*WORK REQUIRED:*
Write out, word for word and with no pictures, each line below from the one containing "مجموعه داستان های" through the one containing "DC Comics - La", both included, and no other line.

*RECORDS FOR THE TASK:*
○ ○ ○

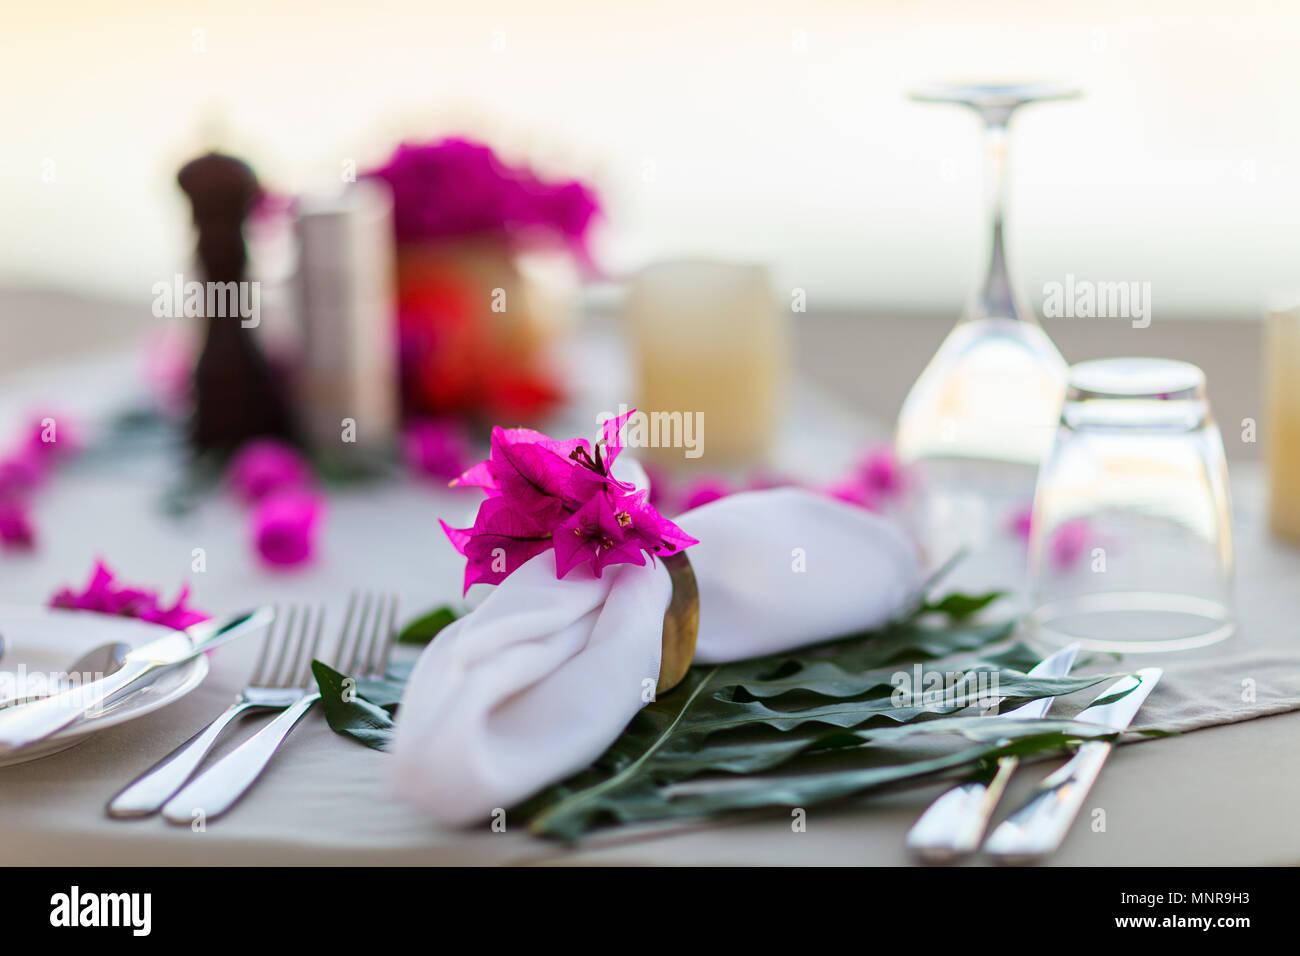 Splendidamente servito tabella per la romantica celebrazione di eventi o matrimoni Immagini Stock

○ ○ ○

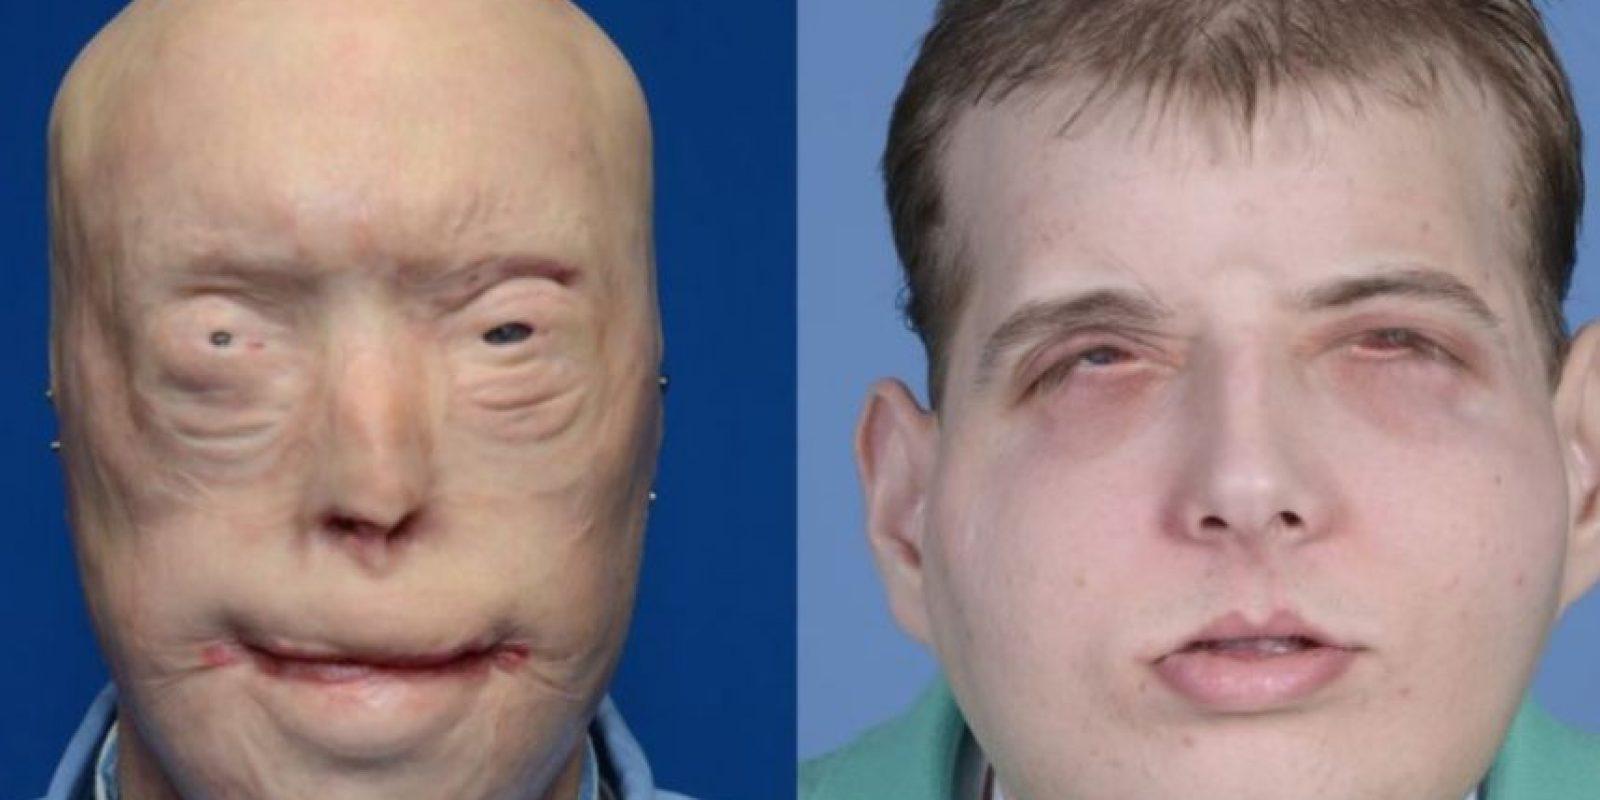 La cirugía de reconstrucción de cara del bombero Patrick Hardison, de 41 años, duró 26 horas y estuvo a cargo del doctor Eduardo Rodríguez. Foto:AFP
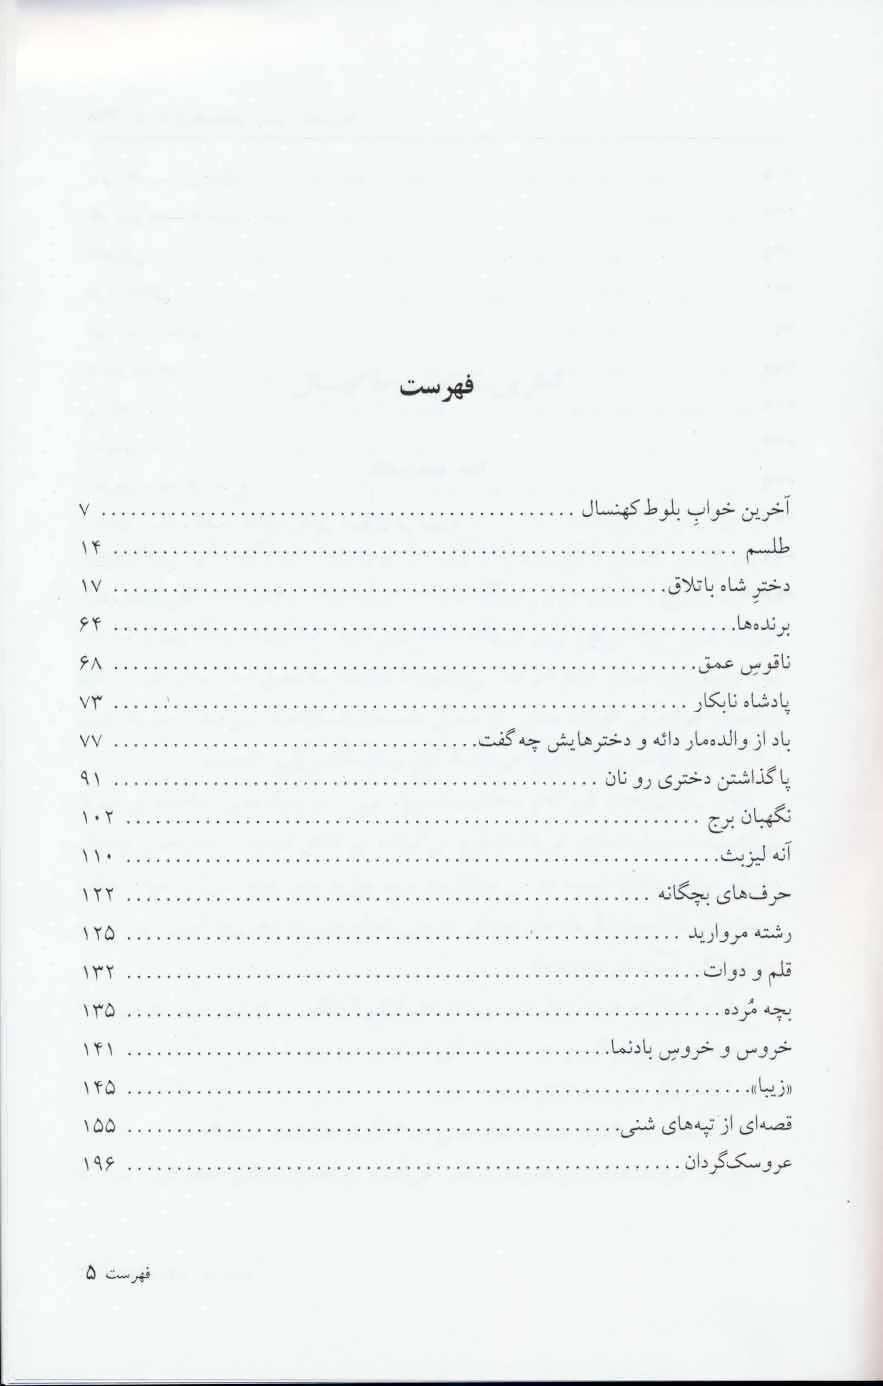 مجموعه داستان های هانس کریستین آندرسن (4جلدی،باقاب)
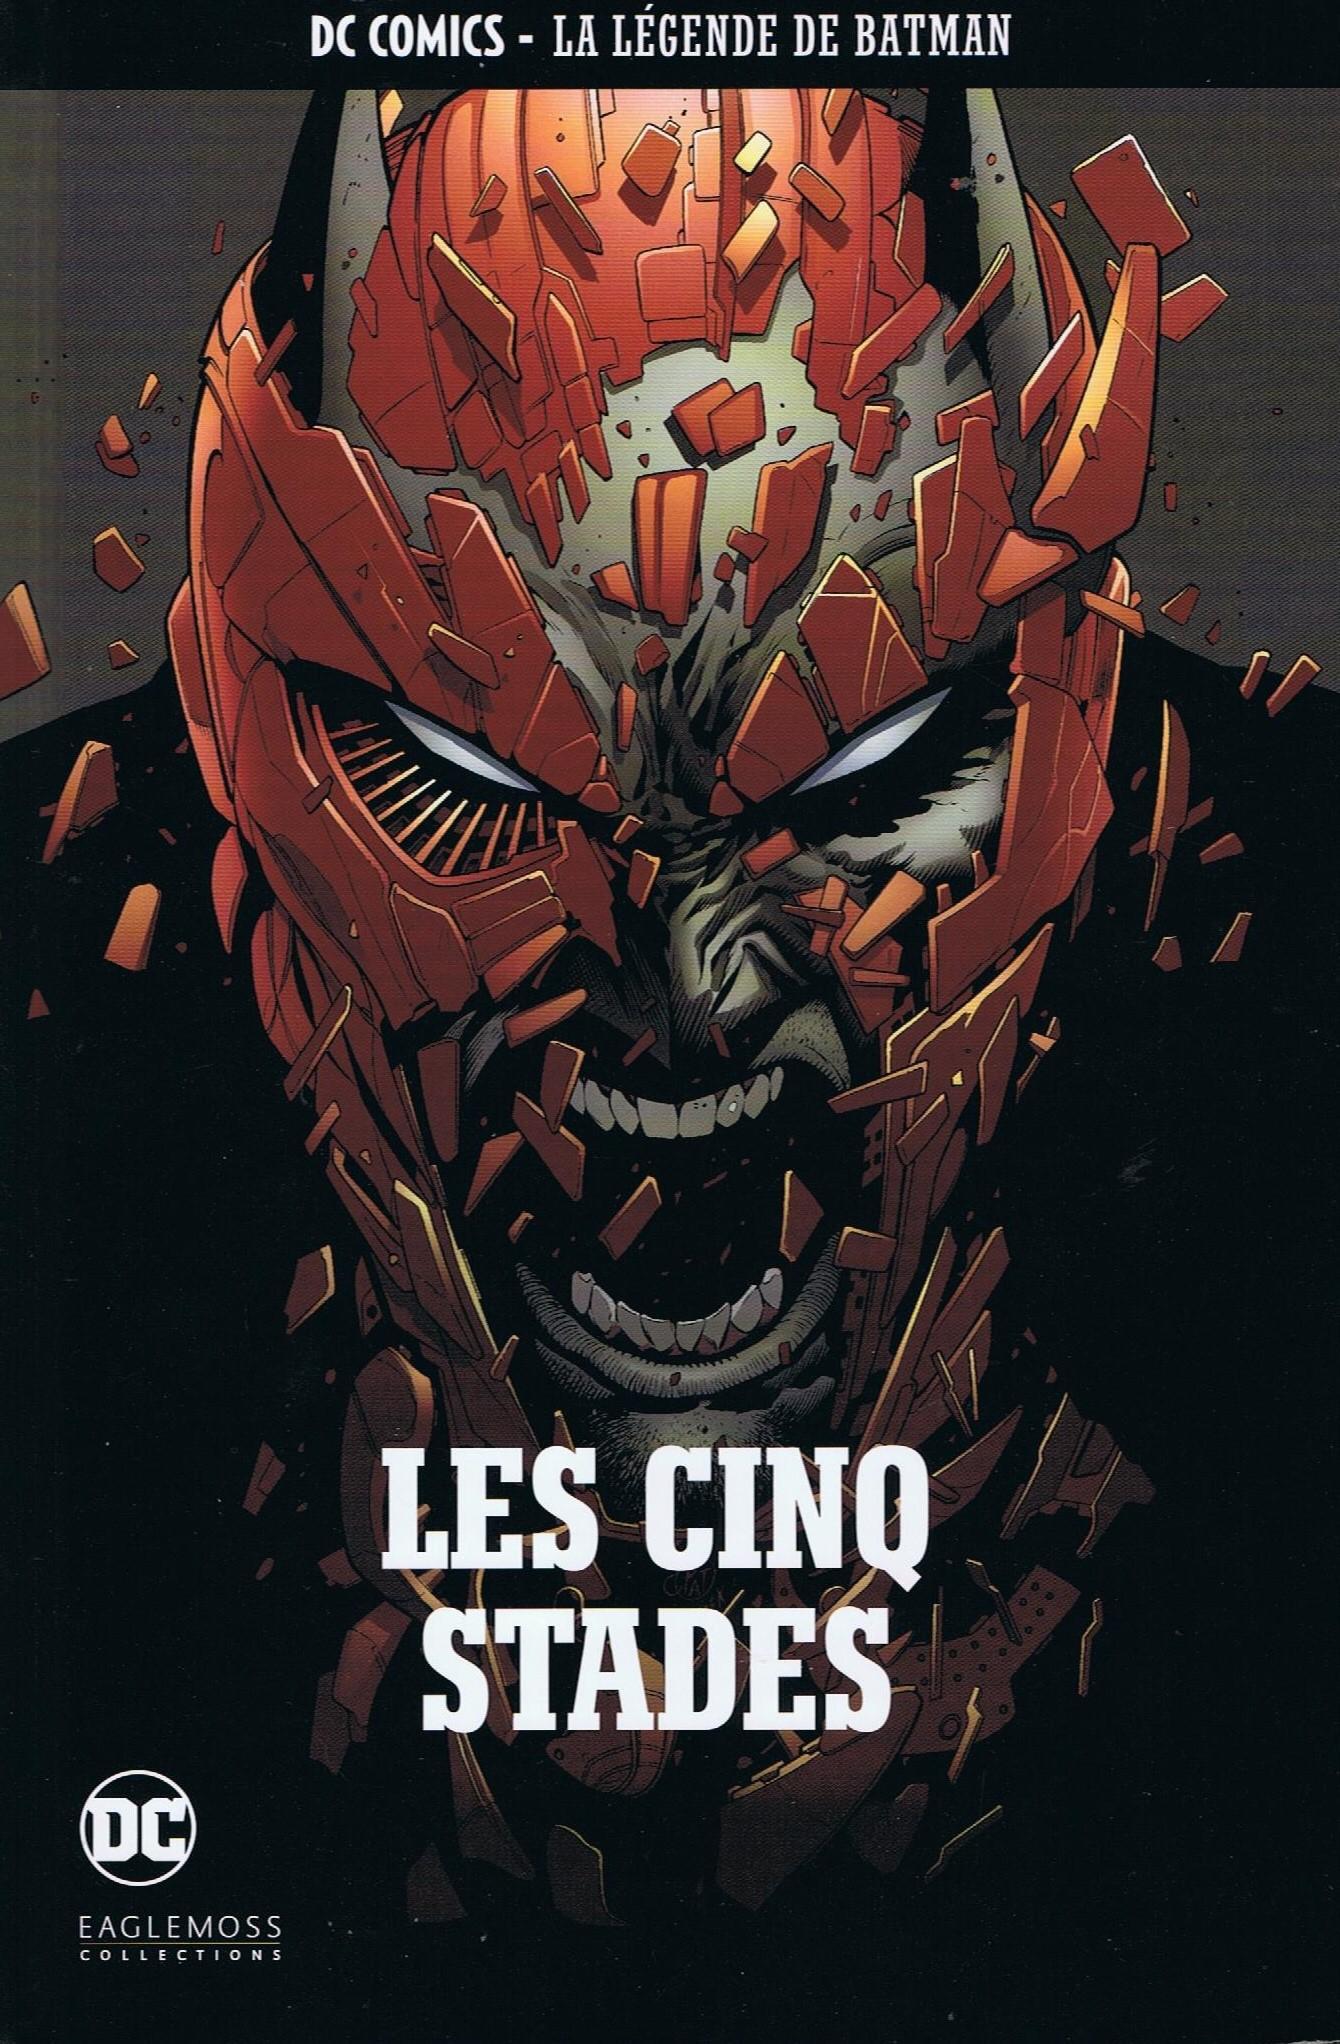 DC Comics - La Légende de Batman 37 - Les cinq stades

○ ○ ○

*WRITTEN SOLUTION:*
 مجموعه داستان های هانس کریستین آندرسن (4جلدی،باقاب)
 DC Comics - La Légende de Batman 37 - Les cinq stades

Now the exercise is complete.